The goal of this study was to evaluate regulator of G protein signaling 2 (RGS2) expression for its prognostic association in high grade serous ovarian cancer (HGSOC). Immunohistochemistry staining was performed on tissues from patients treated at Charité, and both single cell and bulk RNA analyses were conducted from public datasets. RGS2 is expressed in a variety of cancers, and it is yet to be determined if this is a potential therapeutic target in oncology. While the novelty of the study is appreciated, there are several critical flaws that reduce the impact of this study.

The staining of “solid/papillary – transition” tissues appears non-specific and lacks cell surface localization as depicted in the “papillary – positive” specimen. Given the staining is utilized to distinguish low and high RGS2 expression, the lack of clear and consistent staining precludes downstream comparisons and analyses.

The study lacks adequate statistical significance. In figure 2, AUC values are not strong. RGS2 staining is only modestly correlative with overall survival in the Charité cohort, and is not significant in the TCGA cohort. Progression-free survival is also not significant in either cohort. Outside of RGS2 expression, which is the metric used to determine the grouping, there are no significant clinical characteristics associated with RGS2 in Table 1.

It is unclear how RGS2 mRNA is undetectable/extremely low in tumor samples from single cell datasets, while intratumoral immune cells, fibroblasts, and mesothelial cells show higher mRNA expression. This should be clarified or discussed, as it does not follow the protein staining data in previous figures.

Additionally, previous cited studies suggest that RGS2 suppression modulates tumor cell growth, however proliferation/cell cycle markers are not altered in the single cell mRNA data. This should be addressed and discussed.

The bulk RNAseq data does not discriminate immune infiltrates or stromal fibroblast/mesothelial cells, and thus it is impossible to determine the source of RGS2 mRNA in this dataset. Based on the single-cell data, the highest expression of RGS2 is not in the tumor cell fraction. Therefore, the correlation data in Figure 4 and the data in Table 3 can not be confidently attributed to tumor cell expression. Additionally, there is a lack of analysis of overlap in RGS2-associated genes from the single-cell data in Figure 3E and the bulk RNA data in Figure 4.

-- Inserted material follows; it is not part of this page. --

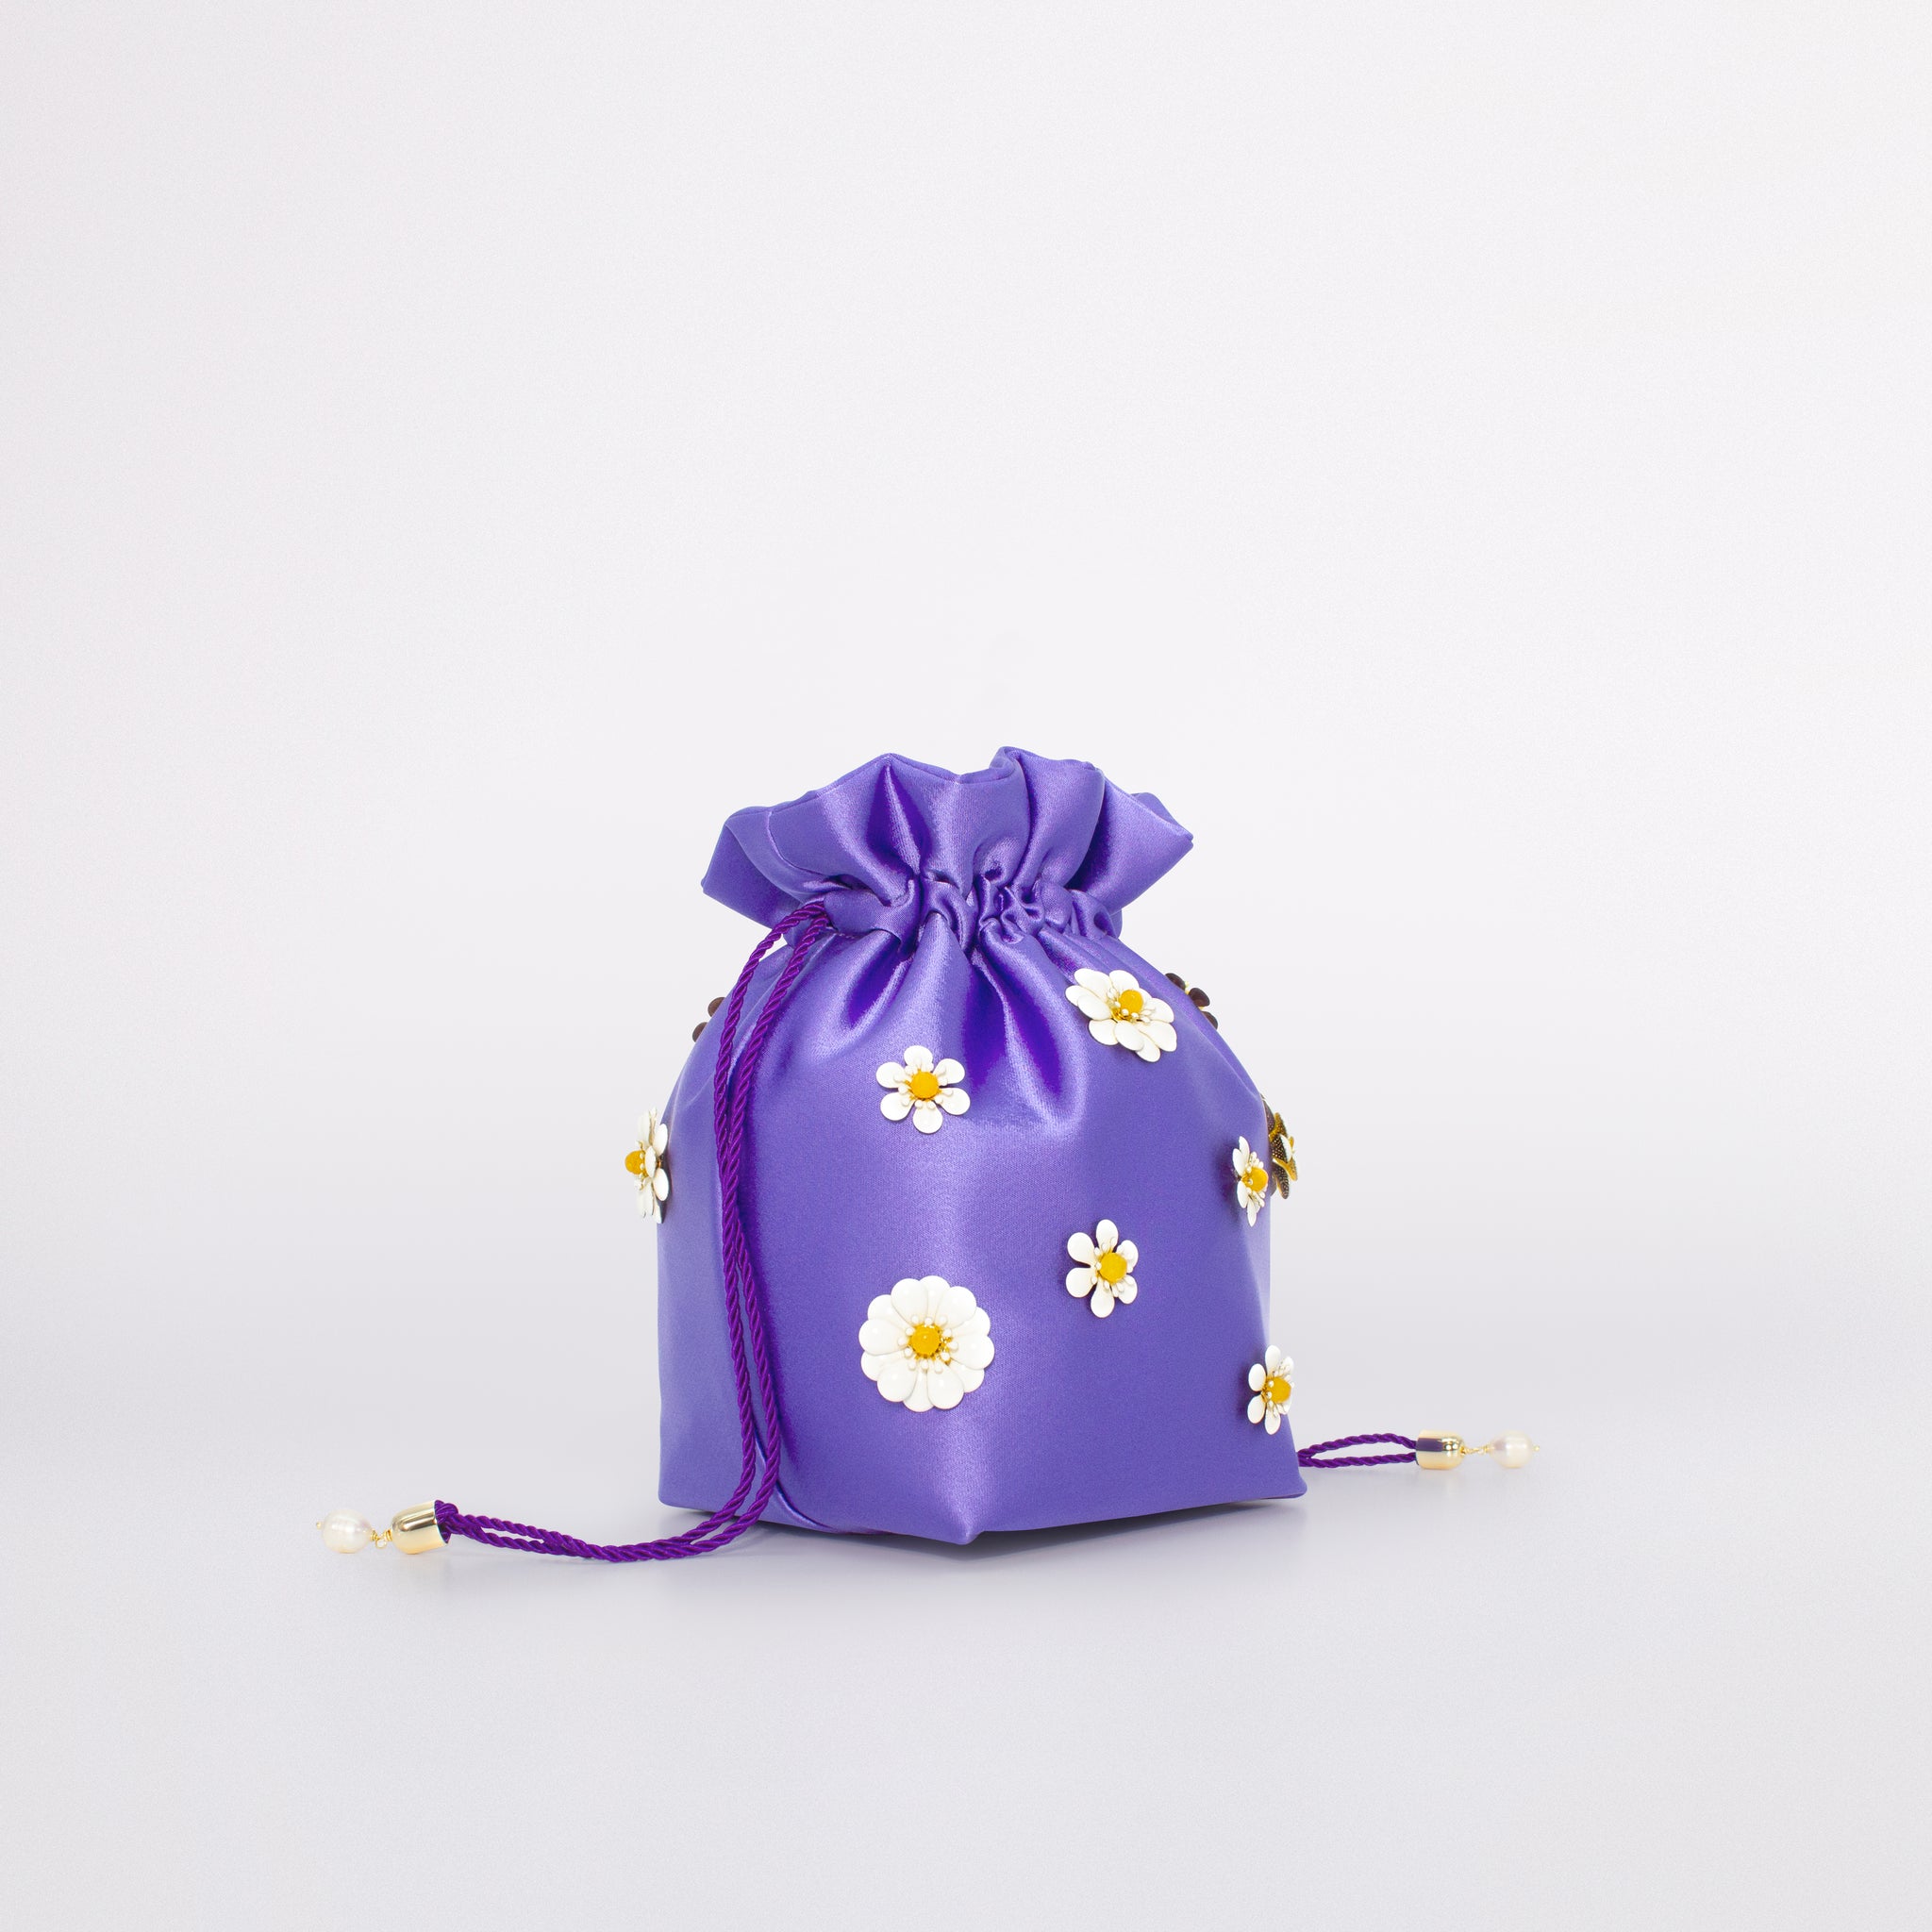 Daisy bag bucket carolina in colorazione viola

Collectively, the data presented here is correlative with a lack of strong statistical significance to make substantial claims. The data lacks cohesiveness, and does not support the indicated hypothesis that RGS2 is a promising drug target for HGSOC.

Author Response

The goal of this study was to evaluate regulator of G protein signaling 2 (RGS2) expression for its prognostic association in high grade serous ovarian cancer (HGSOC). Immunohistochemistry staining was performed on tissues from patients treated at Charité, and both single cell and bulk RNA analyses were conducted from public datasets. RGS2 is expressed in a variety of cancers, and it is yet to be determined if this is a potential therapeutic target in oncology. While the novelty of the study is appreciated, there are several critical flaws that reduce the impact of this study.

 

1. The staining of “solid/papillary – transition” tissues appears non-specific and lacks cell surface localization as depicted in the “papillary – positive” specimen. Given the staining is utilized to distinguish low and high RGS2 expression, the lack of clear and consistent staining precludes downstream comparisons and analyses.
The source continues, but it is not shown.